Claude Arpi
Daily News and Analysis
November 2, 2012
‘Mao will lead China forever’ was the title of a famous poster during the Great Proletarian Cultural Revolution led by its great helmsman, who in Problems of War and Strategy, affirmed:
“Some people have ridiculed us as the advocates of omnipotence of war … we are the advocates of the omnipotence of the revolutionary war, which is not bad at all, but good and is Marxist.”
This was one of the many ‘thoughts’ of ‘Chairman Mao’. “To include Mao or not to include Mao? That is the tough question China’s rulers are facing as the nation prepares for the once-a-decade leadership transition”, writes Cary Huang in The South China Morning Post. One can understand that Xi Jinping, theman expected to be China’s new leader, does not really believe in Mao’s cult. Xi was nine when he saw his father, Xi Zhongxun, then PRC’s vice premier unfairly purged by Mao in 1962. Xi Zhongxun only reappeared in 1978, when Deng Xiaoping handed him the task of starting economic reforms in the coastal areas.

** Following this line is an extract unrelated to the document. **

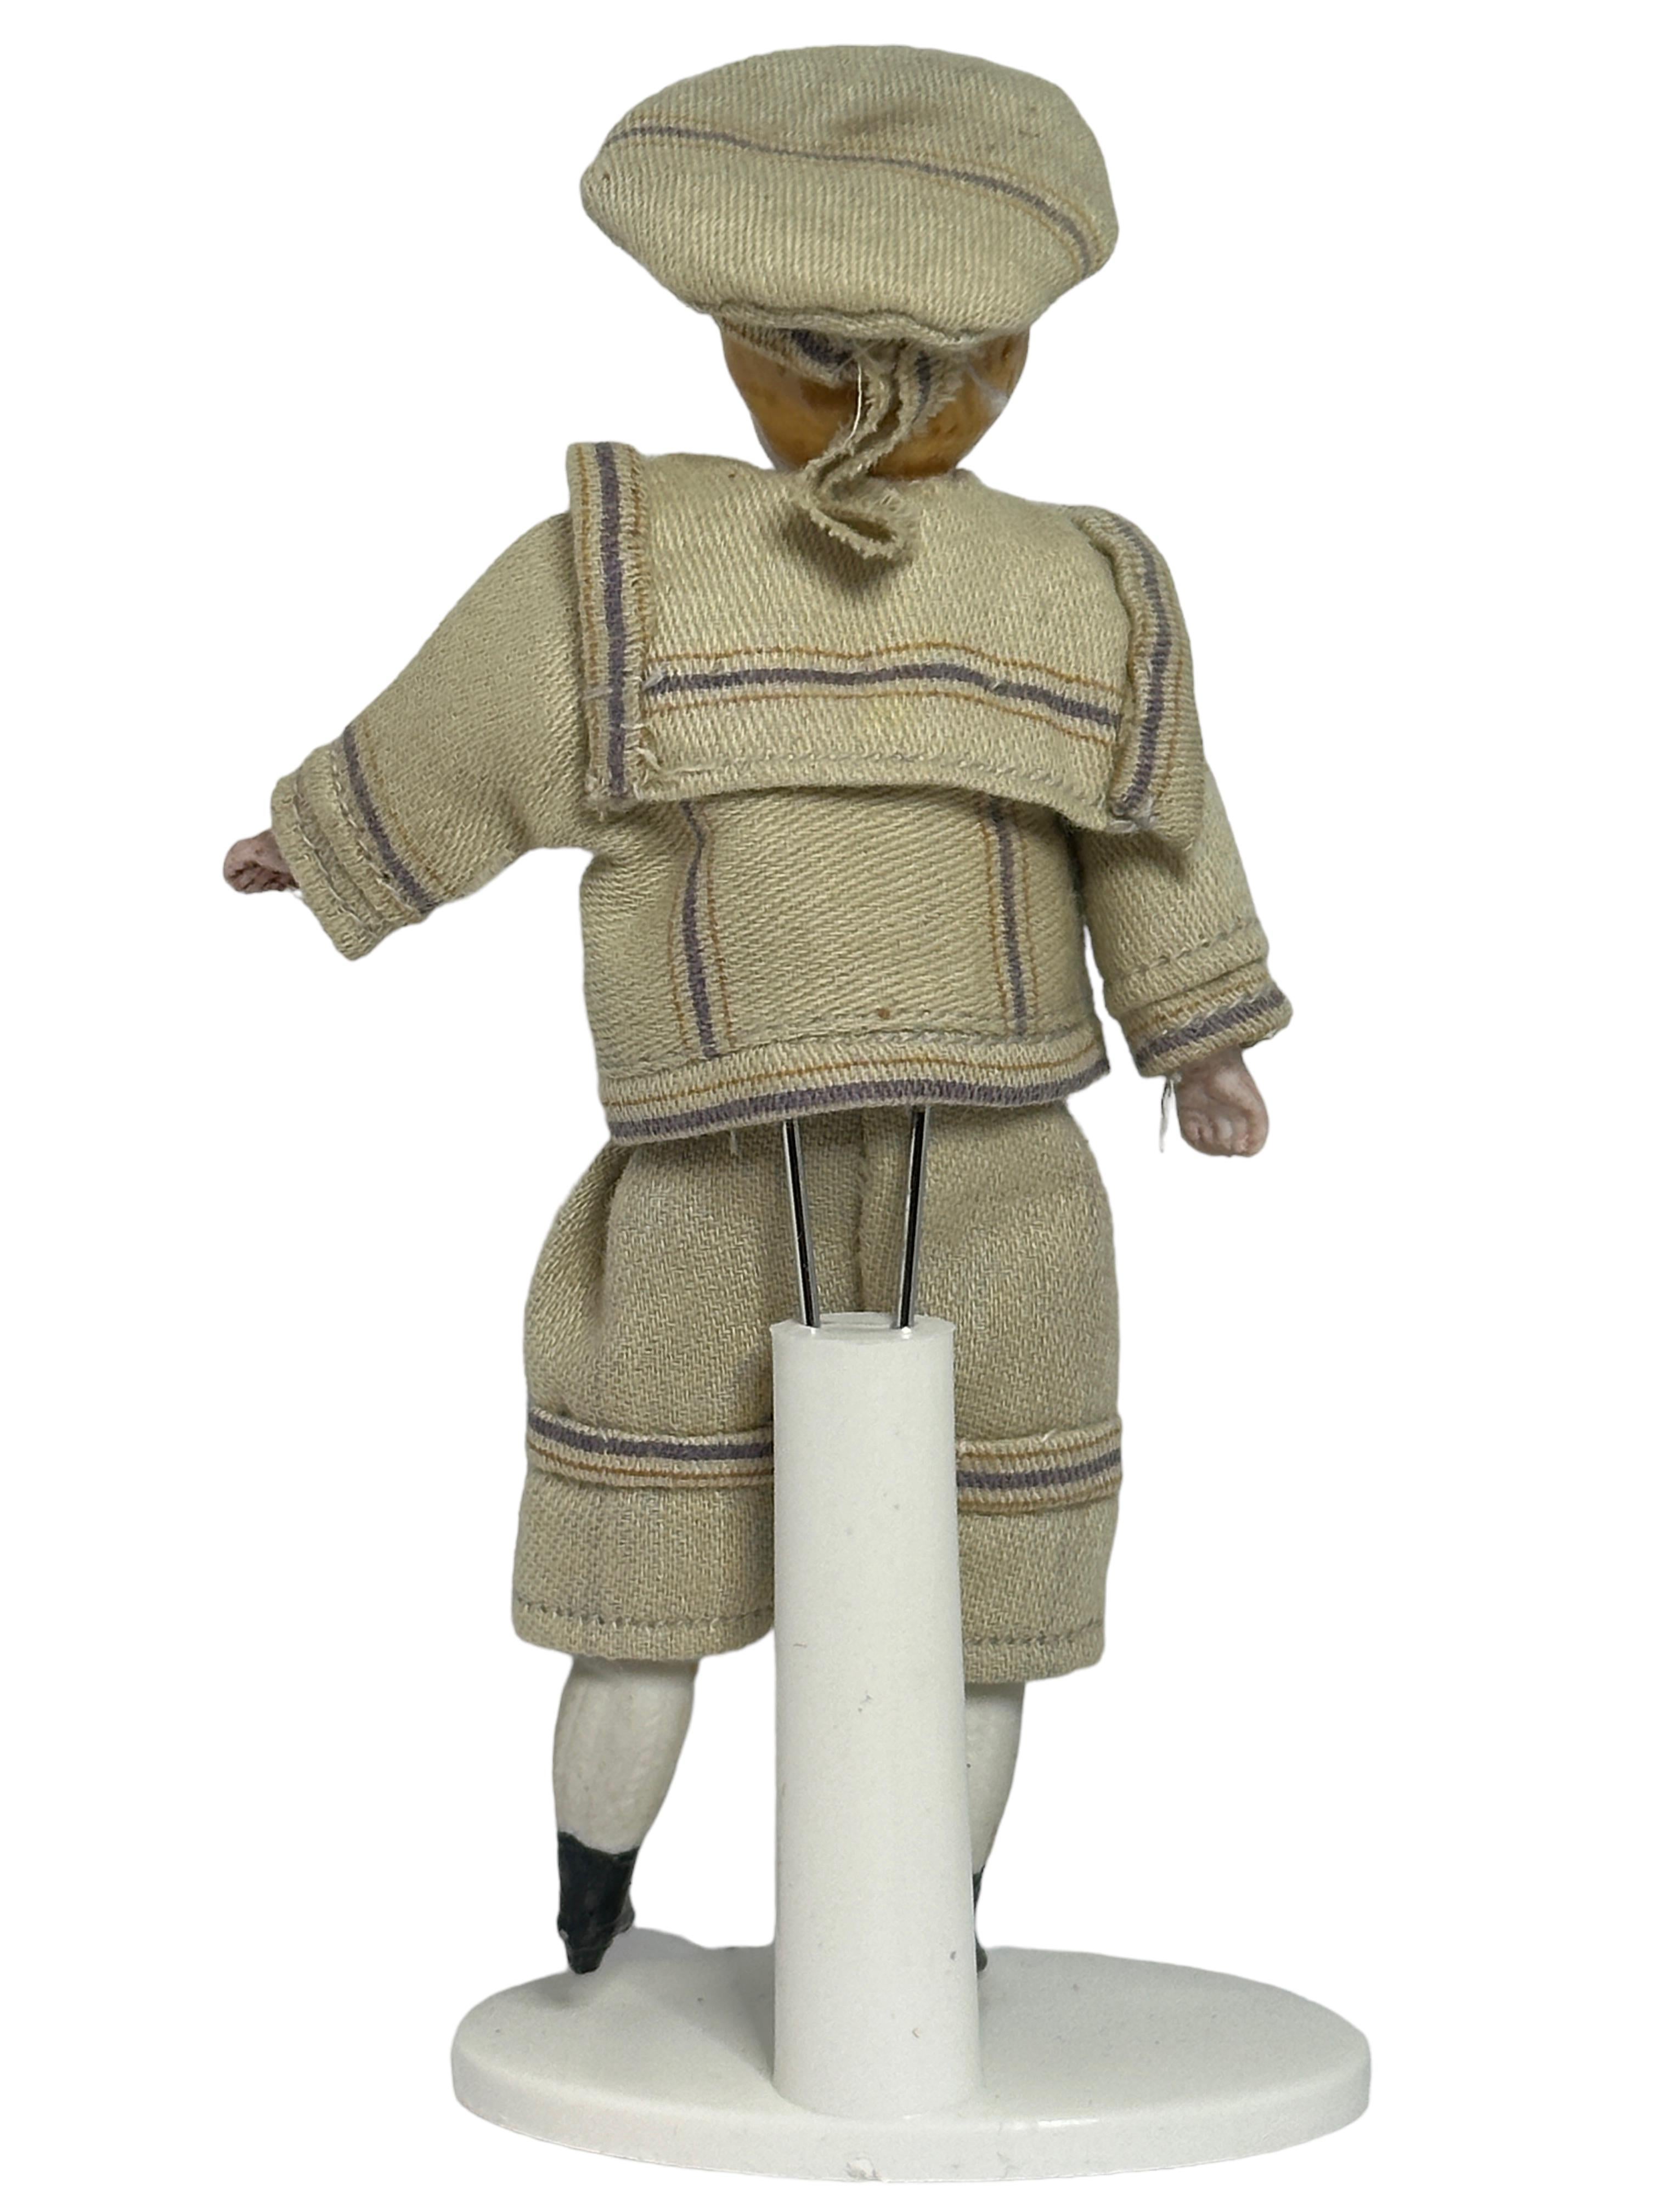 Artisanat Garçon vêtu d'un costume de marin Antique German Dollhouse Doll Toy 1900s en vente
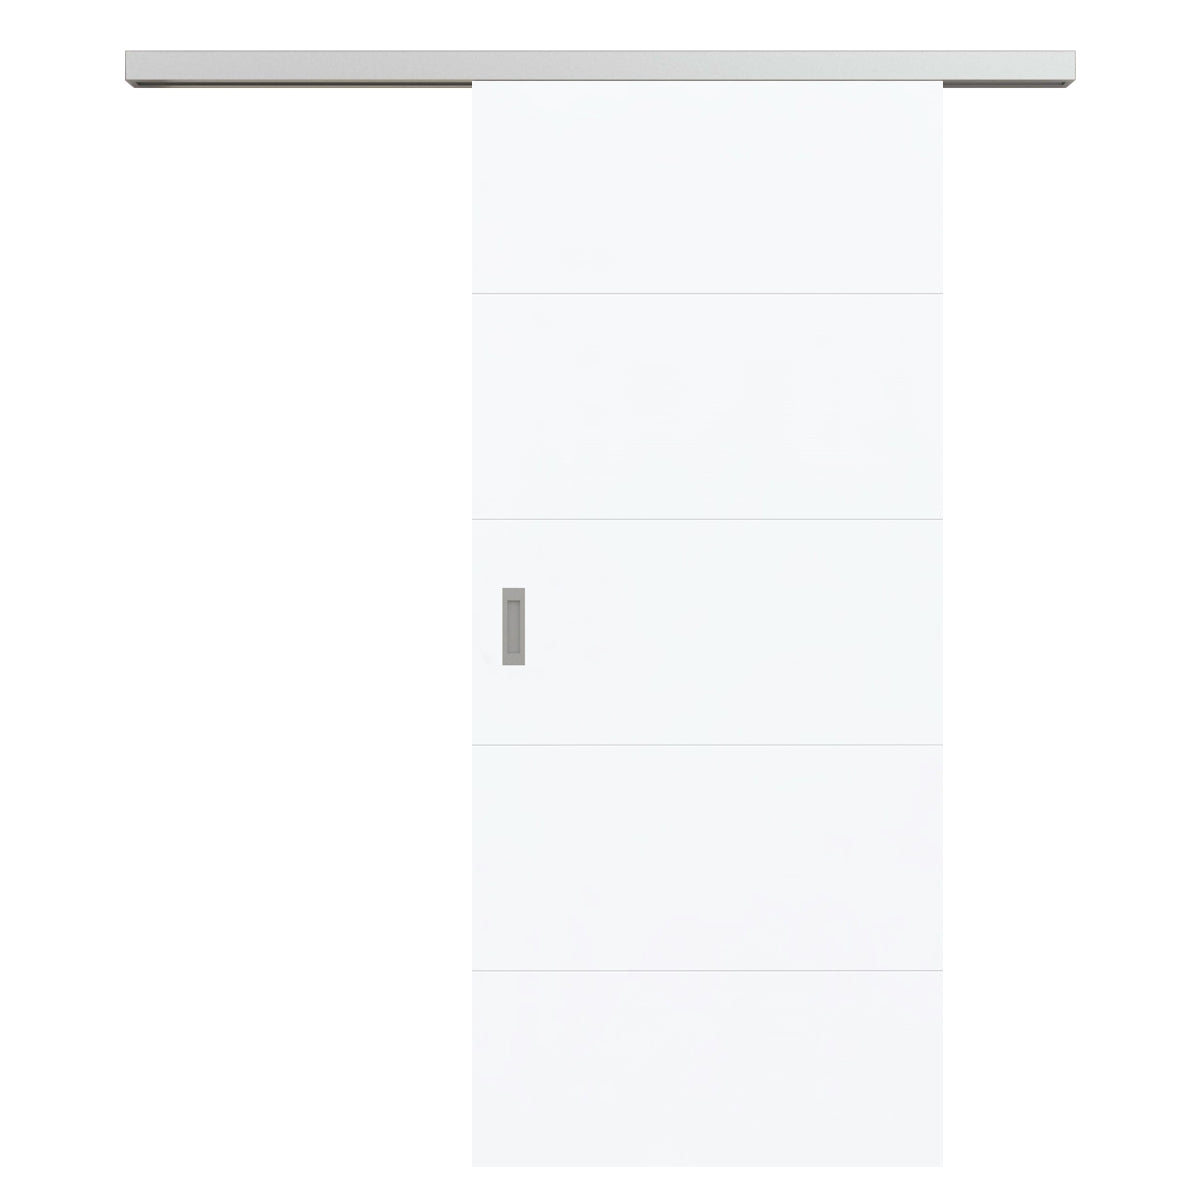 Schiebetür für Set mit Edelstahllaufkasten brillant-weiß modern mit 4 Rillen - Modell Designtür Q43

The ‘Great Leap Forward’, which began in China in February 1958 and resulted in the largest man-made starvation in human history. Mao Zedong’s objective was to surpass Great Britain in industrial production in 15 years; every citizen had to start producing steel at home, with a backyard furnace. In agriculture, Mao thought that very large communes would cater to a many-fold increase in the cereal production to make China a heaven of abundance. Introduced and managed with frantic fanaticism, the programme collapsed soon enough.
In 1959, the defence minister and an old companion of Mao, Peng Denhai, raised his voice against the general madness and sycophancy of the plan. Mao immediately ‘purged’ Peng for daring to criticise him. The Great Leap Forward continued for three years and over 40-50 million died of hunger.
As tension increased on the border with India in the early 1960’s, did Nehru realise that China was a starving nation? Moreover, the ‘great’ Indian intelligence chief, BN Mullik was blissfully unaware that by the end of 1961 Mao was practically out of power?
Dr Zhisui Li, his personal physician recounts that the Chairman was: “…depressed over the agricultural crisis … Mao was in temporary eclipse, spending most his time in bed”.In January 1962,Dr Li noted: “… he convened another expanded Central Committee work conference to discuss the continuing disaster, his support within the party was at its lowest.” It is only by the Fall of 1962 that Mao would return with a bang. The conflict with India was closely linked with his comeback.
Mao decided to first ‘fix’ Marshal Peng; for the purpose, he used the Machiavellian Kang Sheng, later responsible for the security and intelligence during the Cultural Revolution, to do the dirty job.
The pretext was the Gao Gang affair. Gao, a senior Communist leader, had been the victim of the first major purge within the CCP in 1953-54. Mao believed thatPeng had been involved in the Gao Gang episode. The easiest way to get Peng out was to attack one of his closest collaborators, Xi Zhongxun, who had served as his Political Commissar, when the First Field Army entered Eastern Tibet in 1949.
Kang Sheng suggested a flimsy pretext (Xi Zhongxun would have edited a novel mentioning a character similar to Gao Gang). In The Origins of the Cultural Revolution, Roderick MacFarquhar wrote: “ … Kang Sheng was thus free to lead the attack on Xi, and thereafter to lead the second special case review commission in its investigation of the supposed ‘anti-party group’ led by Xi.” ThusXi Zhongxunwas ‘sent in the wilderness’.
During the last few days, China’s watchers have been analysing the omission of Mao Zedong’s name in a Xinhua communique about the CCP’s 18th Congress, which is to begin on November 8. The statement made references to president Hu Jintao , his predecessor Jiang Zemin , and Deng Xiaoping, the architect of the ‘reform and opening up policy’, but no trace of Mao.
The future will tell us if the Chinese Constitution is amended and Mao’s name is forever dropped, but one can understand that Xi Jinping, the next leader of China, has some reservations about the greatness of Mao’s Thoughts.